There have been multiple attempts at creating sliding window functions (I personally created `rollify()`, and worked a little bit on `tsibble::slide()` with [Earo Wang](https://github.com/earowang)).
- `zoo::rollapply()`
- `tibbletime::rollify()`
- `tsibble::slide()`
I believe that slider is the next iteration of these. There are a few reasons for this:
- To me, the API is more intuitive, and is more flexible because `.before` and `.after` let you completely control the entry point (as opposed to fixed entry points like `"center"`, `"left"`, etc.
- It is objectively faster because it is written purely in C.
- With `slide_vec()` you can return any kind of object, and are not limited to the suffixed versions: `_dbl`, `_int`, etc.

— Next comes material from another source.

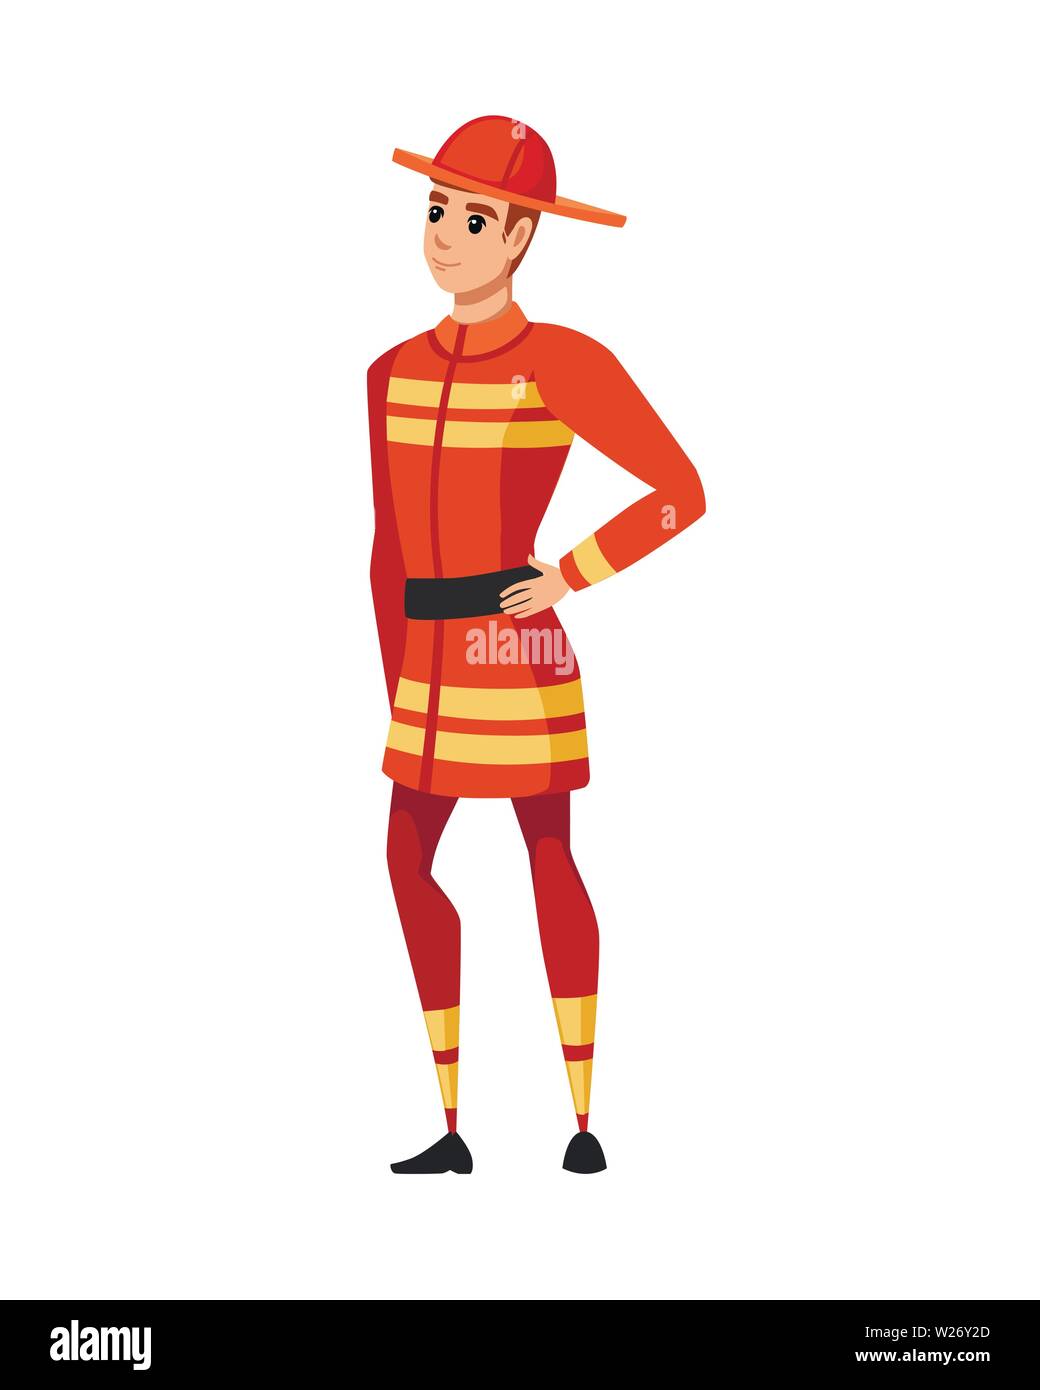 Erwachsene männliche Feuerwehrmann stand auf dem Boden tragen feuerfeste Form Cartoon Character Design flachbild Vector Illustration. Stock Vektor

- It iterates rowwise over data frames, consistent with the vctrs framework.
- I believe it is overall more consistent, backed by a theory that can always justify the sliding window generated by any combination of the parameters.
Earo and I have spoken, and we have mutually agreed that it would be best to deprecate `tsibble::slide()` in favor of `slider::slide()`.
Additionally, [data.table](https://github.com/Rdatatable/data.table)'s non-equi joins have been pretty much the only solution to the problem that `slide_index()` tries to solve. Their solution is robust and quite fast, and has been a nice benchmark for slider. slider is trying to solve a much narrower problem, so the API here is more focused.
## Performance
Like `purrr::map()`, the core functions of slider, such as `slide()` and `slide_index()`, are optimized in C to be as fast as possible, but there is overhead involved in calling `.f` repeatedly. These functions are meant to be as _general purpose_ as possible, at the cost of some performance. This means that slider can be used for more abstract computations, like rolling regressions, or any other custom function that you want to use in a rolling fashion.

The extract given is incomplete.